# Let's see your "turnout"



## targetsmom (Nov 3, 2009)

Someone has to get the ball rolling but I am NOT volunteering to moderate...

Here is Aloha Acres Fashion By Magic, a 5 year old 32" mare at her first ADS Pleasure Show in August. This is the same mare featured in the Lil Beginnings ad this month; that photo was taken at a CDE clinic in June.

As I mentioned on another thread, there are a lot of thing wrong with this turnout, several of which have been fixed. That can be a whole 'nother discussion!





,

Let's see yours!!!


----------



## drivin*me*buggy (Nov 3, 2009)

I'll play. Here's mine:

BuckWheat is a 33.75" 3 yr old who I have trained myself. He has been hitched now since late June/ Early July:






And Wish is a 5 yr old 34" mare who I recently hitched at the end of Sept. I am very proud of them both.






Who's next?



I want to see everyone's driving horses!!! Including your new guy Leia!


----------



## squeaky (Nov 3, 2009)

H,

What a great forum!

here is my mare who has been broke to drive for a little while, just doesn't have enough miles on her to say that she is "finished." If anyone spots anything wrond with the turn out, please let me know. She is an inbetween size, and I have been having some issues with getting the cart fitted properly. Also, sorry for the small pictures. They are the only ones I have for now.











Amanda


----------



## End Level Farms (Nov 3, 2009)

I unfortunately do not have any good pictures of my guys driving. Ill need to change that.


----------



## White Socks Miniature (Nov 3, 2009)

OOOOOH! A driving forum!

I will play!

Here are a few of my mare Deja, I broke her to drive a year and a half ago now and she was in training with Patty Cloke for 3 months this year and will be with her for the entire show season next year. This is her 3rd show ever, so she still has quite a bit of finishing left to do!

Cheers!


----------



## MiLo Minis (Nov 3, 2009)

First and foremost is my special boy, MiLo's Willie Be Good, who I have driven in everything from parades to fun drives, breed shows to pleasure shows, trials and CDE's. He has won at everything he puts his heart to. He is absolutely AMAZING at cones - THE most athletic horse I have ever had the pleasure to drive.



Can you tell I love him?


























This is Rocky who got sick and tired of boring show ring driving although he won consistantly and so went on to excel at Pleasure shows! Dressage is his forte!
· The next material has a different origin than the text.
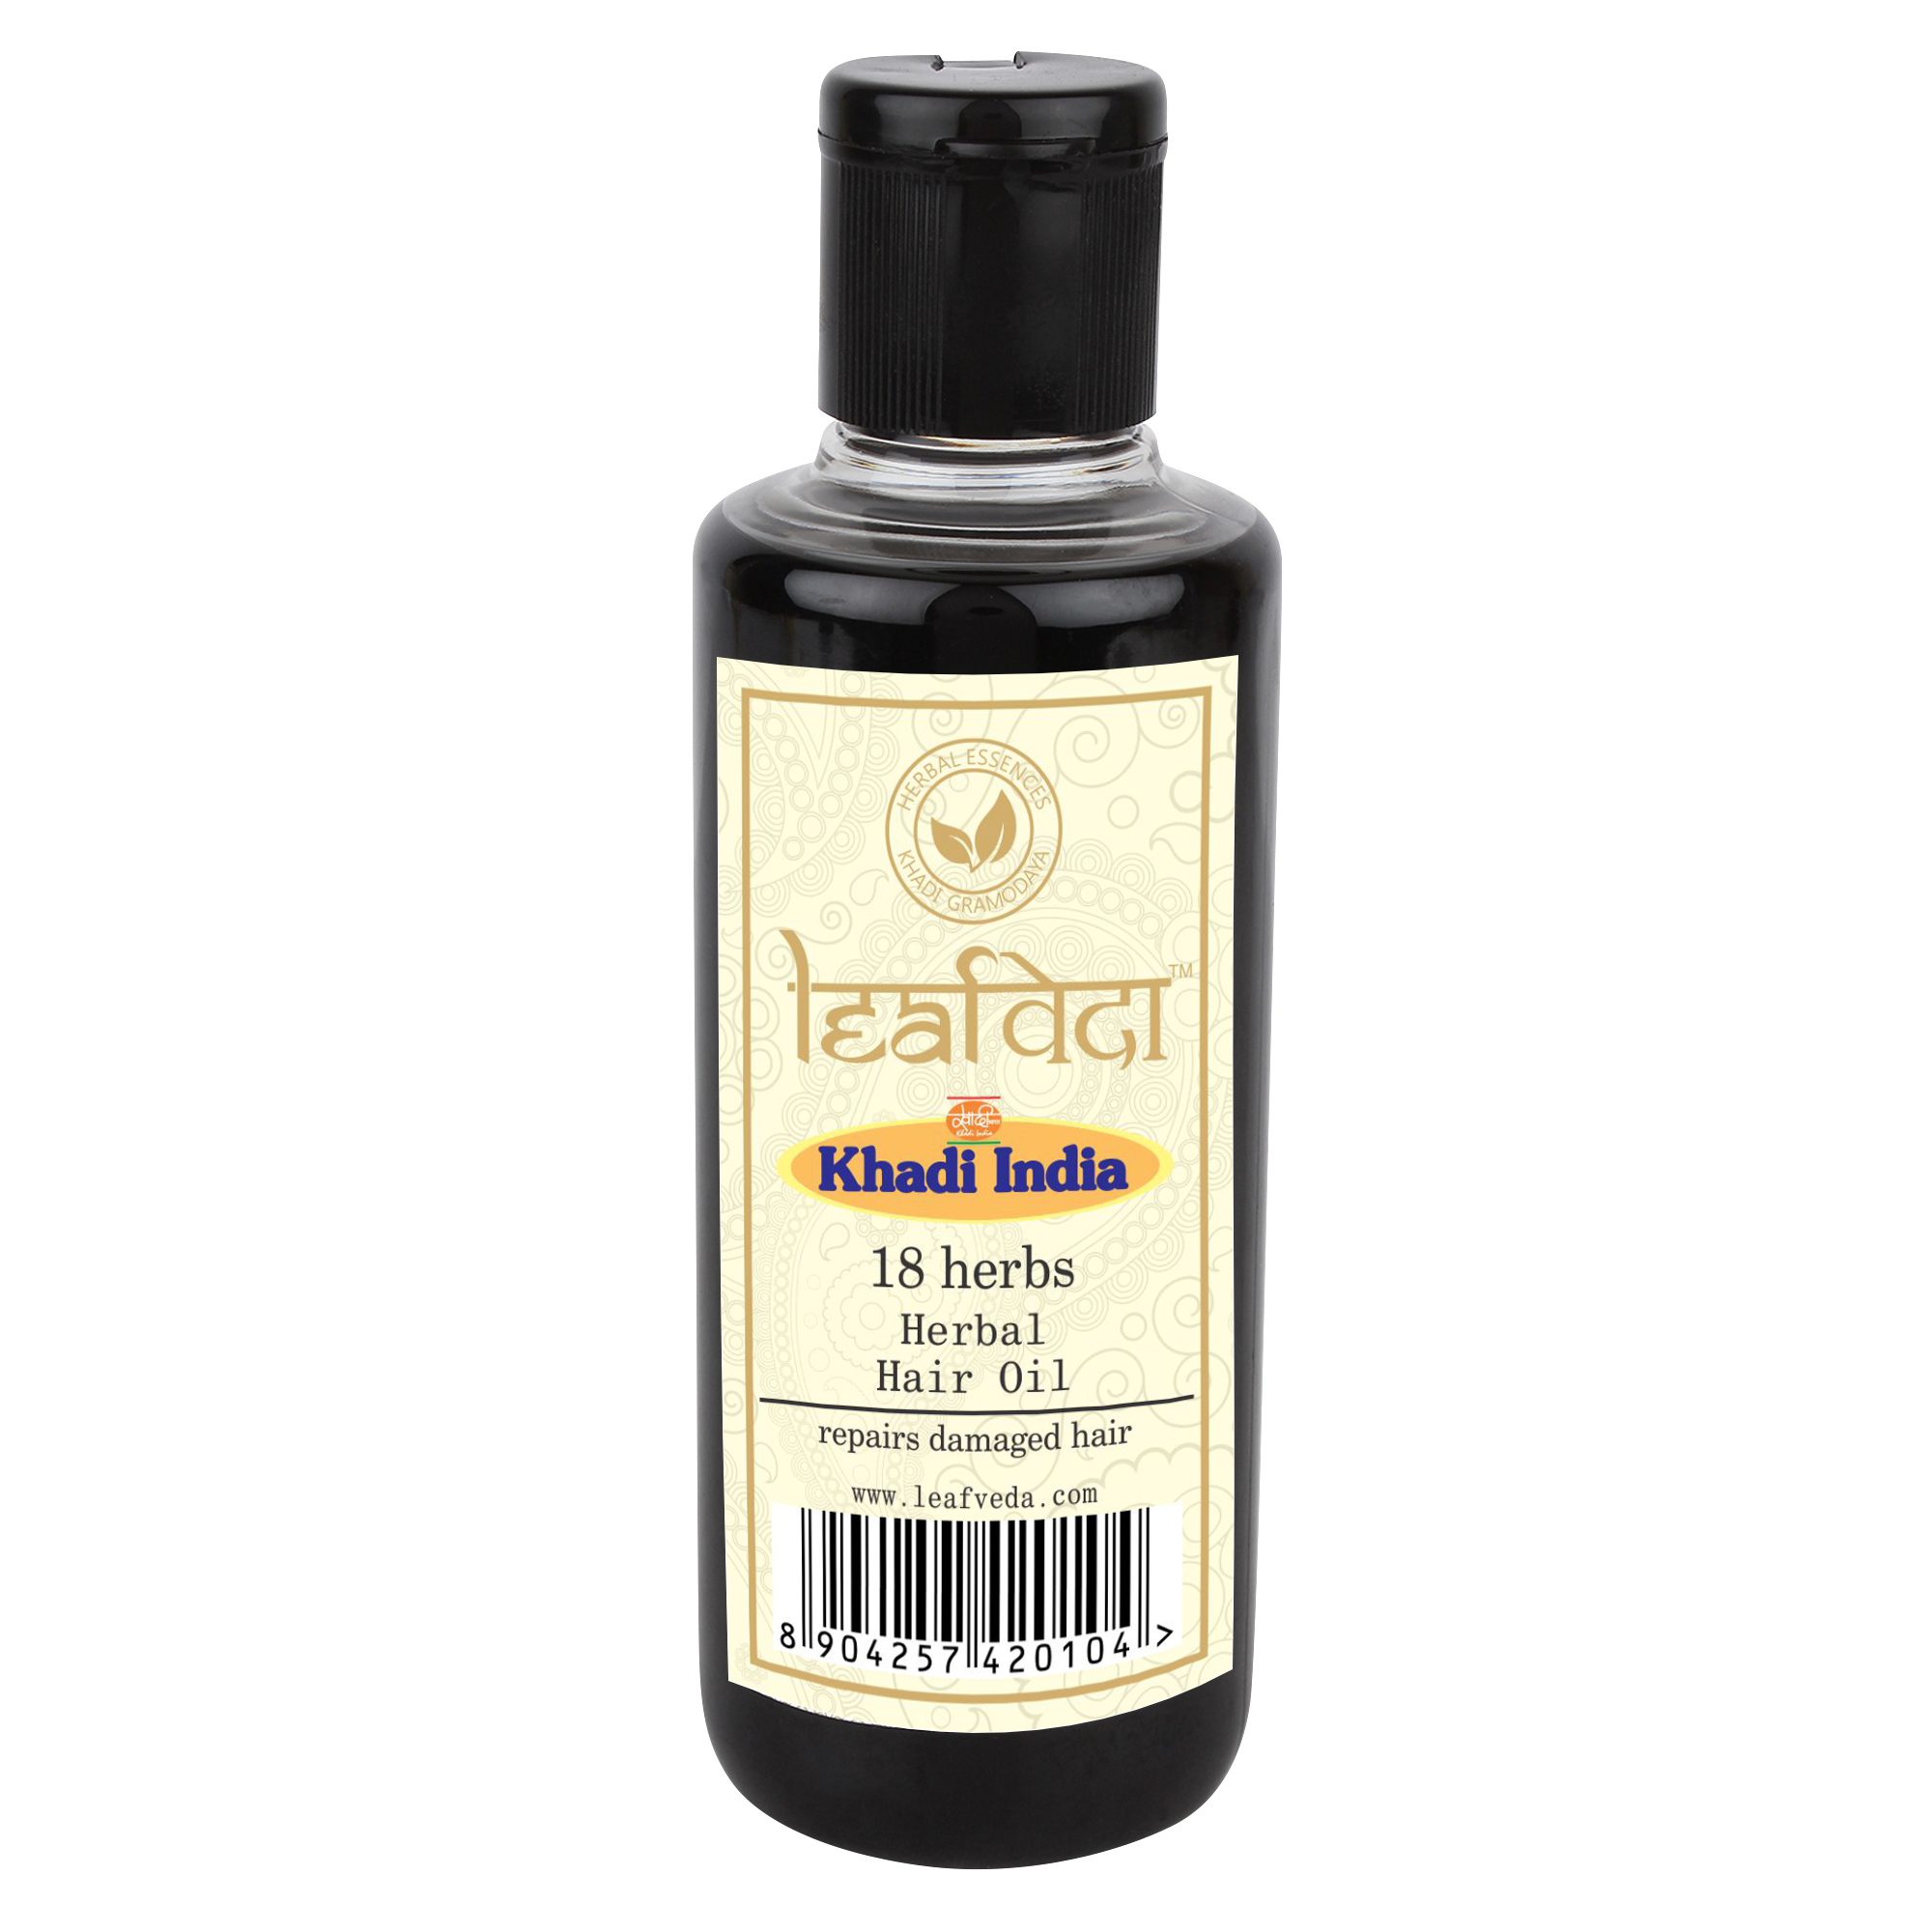 Buy Khadi Leafveda 18 herbs Hair oil at Best Price Online

This is my sweet mare Dream winning her country pleasure class at the National Area 2 show. She doesn't have the mind for silly things like obstacles or cones










This is my most recent project, Polk. He is only 3 so hasn't seen any real action yet although he is driving. I expect that he will be every bit as much horse as Willie is when he comes into his own. Has an awesome mind and the best walk of any horse I know. I am VERY excited to get him out showing next year.






Oooh! Some of these photos are TEENY! Sorry!


----------



## HorseMom (Nov 4, 2009)

No pictures here yet either. I'm always the one driving and no one has been able to take a few pictures while I drive.


----------



## Shari (Nov 4, 2009)

Such pretty turn outs.

Mine... well they are at home photos.


----------



## rosaroca (Nov 4, 2009)

Here's my girl, Rosa Roca's Run For The Roses, at a show in Ada, OK.


----------



## Field-of-Dreams (Nov 4, 2009)

OOO!!! (bouces on seat) ! LOVE driving!

Here's my girl, Field of Dreams Pretty in Pink. This was last year, her SECOND time ever in the arena!





And my heart horse: JEM Canadian Sunrise. He does EVERYTHING! In the showring:





In a parade:





Out at a fun-day CDE:





Lucy


----------



## jleonard (Nov 4, 2009)

Here is Suzy with my Hyperbike and Ozark pleasure harness.






Locita with my Chimicum sport harness and EE. This was the first year that I have been able to work with her consistently, basically her first year driving. This was in the early spring, when she was still quite green.






At the National Drive Leia and I played around with putting them togeather as a tandem (ok, Leia did all the work, I just supplied the horses and enjoyed the ride



) They did really well, and it was a lot of fun!






Photo by Larry Porter


----------



## cretahillsgal (Nov 4, 2009)

I dont have any pics of my guy driving yet. Still gotta get a good harness. Im borrowing one for now.


----------



## rcfarm (Nov 4, 2009)

Having trouble loading a pic


----------



## Dream (Nov 4, 2009)

Erick competed successfully in breed shows, Pleasure shows and CDEs in 2009. Next year I hope to travel to the US for breed shows and the Ohio CDE.

Erick in Dressage











Cross country


----------



## roxy's_mom (Nov 4, 2009)

Awesome a driving forum!!

Here's my girl, Country Acres Pickin Wild Flowers, aka Roxy.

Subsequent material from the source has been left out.